Но если нам дано расслышать кроткую душу – то мы можем верить, что о нас не забыли, что страна эта еще не погибла. Как спасение посылаются нам кроткие душой.

Ты только посмотри…


Ты только посмотри: белые раскатанные дороги, пьющие даль телеграфные столбы, горячая сыворотка болотной ряски. Они кружат нас, как воду с надетым на глаза и потеющим от дыхания шерстяным шарфом – и мы кружимся, кружимся, веселимся, мы куда-то несемся… Боже мой, ведь надо выяснить: зачем?


Ты только посмотри, скворечни сараев и неуловимый запах захолустья, забирающийся здесь во все, как муравьи – в предметы, в лица, селящийся в щелях и будто оттуда глядящий подслеповатым и прижимистым портным, который сам скроил эти согбенные бессловесные сараи, подсобки и времянки – вечные кособокие времянки, в которых с таким странным и искренним бессилием, сильно берущим за душу бессилием, теплится жизнь. И сердце запоминает эти лодчонки, кружащиеся в зачарованном водовороте лесов, эту кривую геометрию, косящую на один глаз, эти времянки, и медленно потом отыскивает их серую, сутулую скособоченность, стараясь им придать как можно больше светлых пропорций.


Этот неаккуратный увалень-время.


Ну как же так! Ну вот он. Мой рояль «Беккер». Спасенный папой от помойки. Я нашел его у Цветаевой. У Марины в детстве был такой рояль.
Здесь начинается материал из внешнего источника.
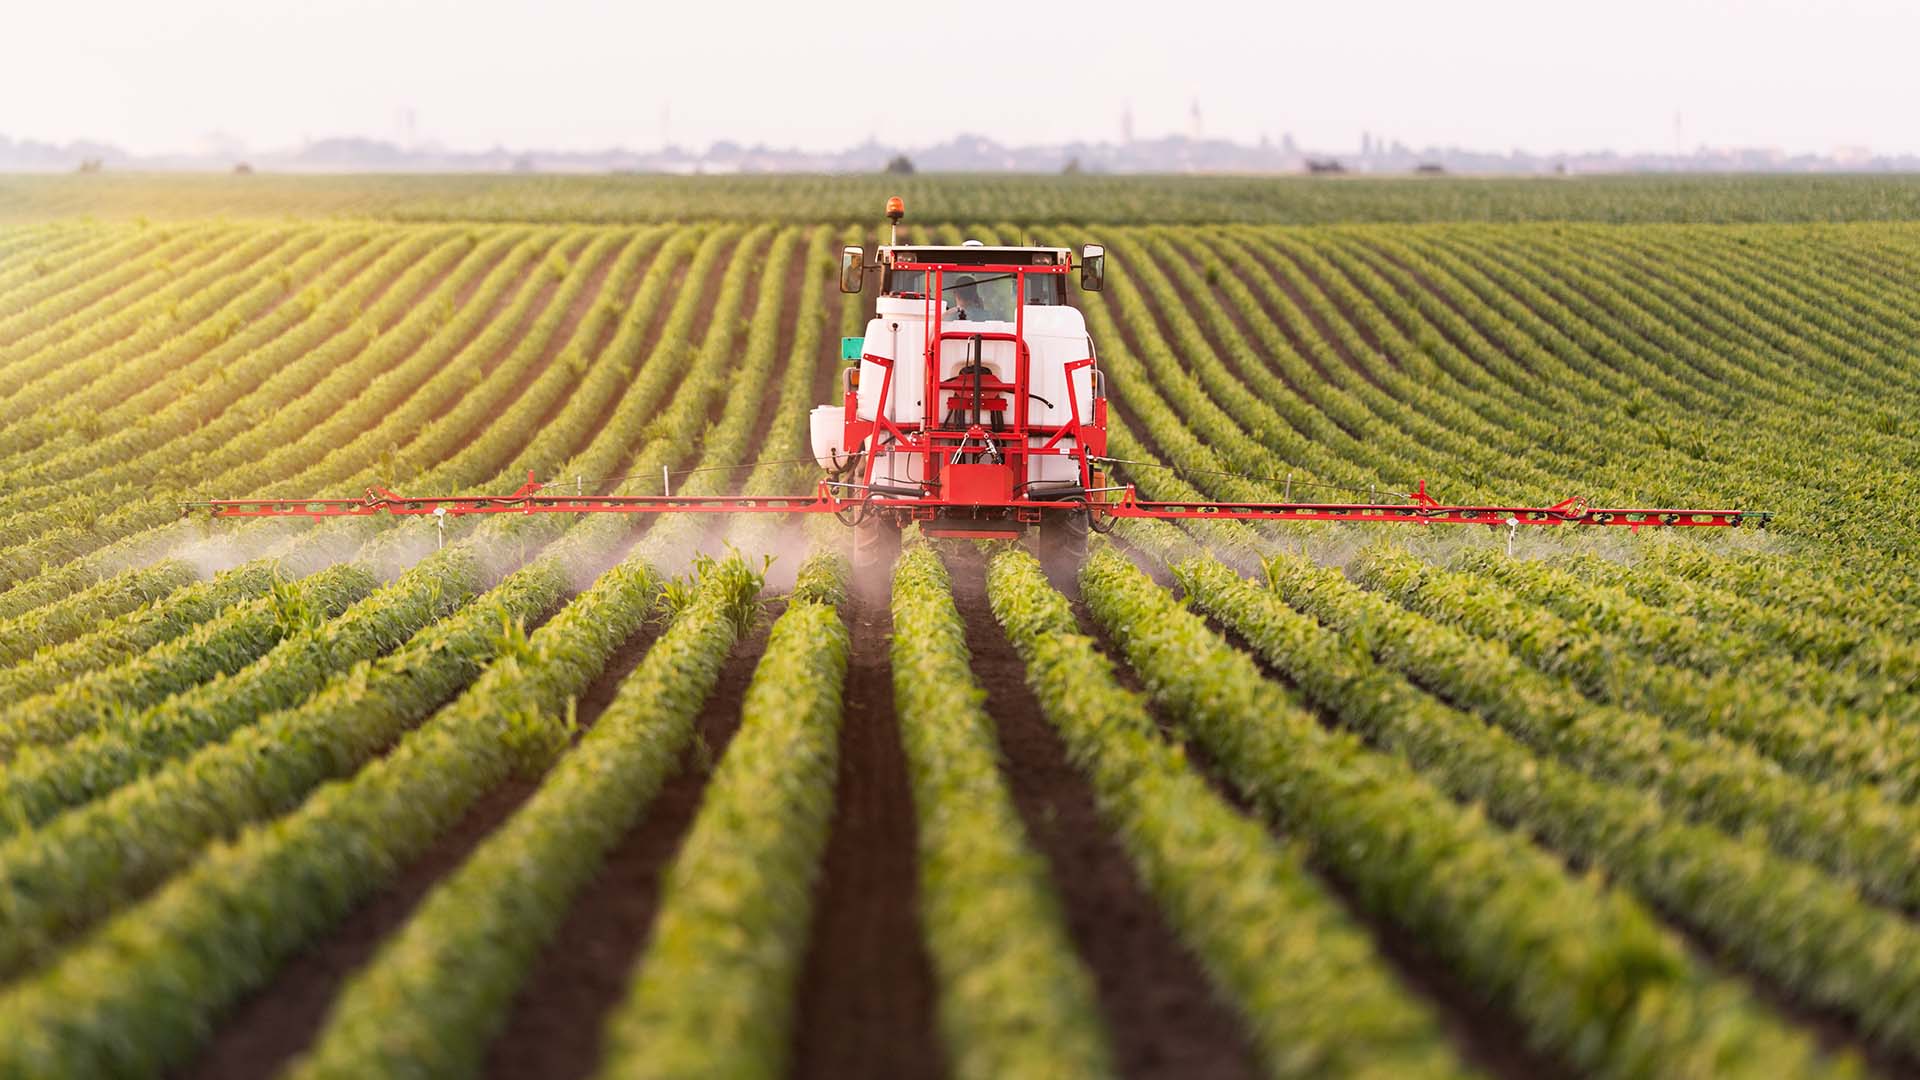 Tractor on farm spraying chemicals over rows of crops

И раз уж мы с ней породнились роялем, а еще той фотографией – той самой живо глядящей фотографией, где она сидела и смотрела на меня с таинственного трона – это значит, что я могу называть ее просто Мариной – как это делают тысячи безымянных, тысячи Марин и не-Марин – становящихся ее сестрой и братом – на время чтения, а потом и за его гранью – потому что она сама каждой строчкой нам это позволила.


И что звали меня Мариной

И что было мне двадцать лет…


Там однажды стрясся такой дождь. Ты себе представить не можешь. Вся округа плыла, умывая глаза коричневым платком луж, которые мне были по колено, а моему коту Кузе – по самое кошачье брюхо. Он был удивительный кот. Он простаивал в этой кофейно-сухарной гуще полдня, полоща живот.


От печки – такой хороший голос. Поэтому в России голоса хорошие. Так ты сказала недавно-недавно.


Или стоять и засматриваться на змеиный серебристый от дождя выводок железнодорожного разъезда со всеми его строениями.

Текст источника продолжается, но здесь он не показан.